A similar case is the GRIB participation in the @neurIST EU-funded integrated project (www.cilab.upf.edu/aneurist1), a European initiative to integrate biomedical informatics in the management of cerebral aneurisms. In this case the GRIB group leaders with active participation are B. Oliva, J. Villà, M. Pastor and F. Sanz.

CancerGRID (www.cancergrid.eu) is another case of EU-funded project with the participation of scientists from different GRIB labs (J. Mestres, I. Zamora and F. Sanz). The aim of this project is to develop and refine methods for the enrichment of molecular libraries in order to facilitate the discovery of potential anti-cancer agents.

The same strategy is being followed in proposals submitted to the first calls of the EU 7th Framework Programme. A clear example of it is the ALERT project for the early detection of adverse drug events by integrative mining of clinical records and biomedical knowledge, which has been selected for funding in the first call and will start by the beginning of 2008. The GRIB contribution in ALERT will be mainly carried out by the groups led by J. Mestres and F. Sanz and will be focused on the automatic generation of scientifically and mechanistically sound explanations for the signals obtained from the mining of clinical records by means of a combination of analyses of biomedical literature and databases, in silico predictions and pathway mapping.

At the Spanish level, the same integrative philosophy inspired GRIB participation in the INBIOMED thematic network funded by the ISCIII (www.inbiomed.retics.net), which lasted from 2003 to 2006. A new thematic network proposal (COMBIOMED) has been submitted to the 2007 call of the ISCIII.

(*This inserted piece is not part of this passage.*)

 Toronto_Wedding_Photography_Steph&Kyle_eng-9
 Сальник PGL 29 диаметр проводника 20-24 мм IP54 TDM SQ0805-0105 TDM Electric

The participation of the GRIB in the Spanish National Institute of Bioinformatics is another example of the joint participation of several GRIB labs in strategic initiatives.

On the other hand, F. Sanz is particularly interested in the application of biomedical informatics in the pharmaceutical domain. I this field, he is currently interested in the integrative knowledge management and exploitation. His participation in the European (www.imi-europe.org) and Spanish (www.medicamentos-innovadores.org) Technology Platforms on Innovative Medicines are key activities in such a domain. In particular, he is acting as expert by invitation of the European Commission and EFPIA, and he is coordinating the Spanish Platform.

Another collaborative initiative in the pharmaceutical field that is being promoted is the ChemBioBank, a joint initiative of the Barcelona Scientific Park, the Pharmacological Screening Platform of the University of Santiago de Compostela and the GRIB (Jordi Mestres and Ferran Sanz). The aim is the collection, in vitro and in silico annotation, and the dissemination and exploitation of the publicly-generated Spanish chemical diversity.

A selection of recent scientific publications of F. Sanz is:

Gutiérrez-de-Terán H, Centeno NB, Pastor M, Sanz F. Novel approaches for modeling of the A1 adenosine receptor and its agonist binding site. Proteins 2004; 54:705-15.
Fontaine F, Pastor M, Sanz F. Incorporating Molecular Shape into the Alignment-free GRid-INdependent Descriptors (GRIND). J Med Chem 2004; 47: 2805-15.
Fontaine F, Pastor M, Zamora I, Sanz F. Anchor-GRIND: Filling the gap between standard 3D-QSAR and the GRid-INdependent Descriptors. J Med Chem 2005; 48: 2687-94. Bonis J, Furlong LI, Sanz F. OSIRIS: a tool for retrieving literature about sequence variants. Bioinformatics 2006; 22: 2567-9.
Dezi C, Brea J, Alvarado M, Raviña E, Masaguer CF, Loza MI, Sanz F, Pastor M. Multi-structure 3D-QSAR studies on a series of conformationally constrained butyrophenones docked into a new homology model of the 5-HT2A receptor. J Med Chem 2007; 50: 3242-55.
Klinger R, Furlong LI, Friedrich CM, Mevissen HT, Fluck J, Sanz F, Hofmann-Apitius M. Identifying Gene Specific Variations in Biomedical Text. J Bioinform Comput Biol (in press).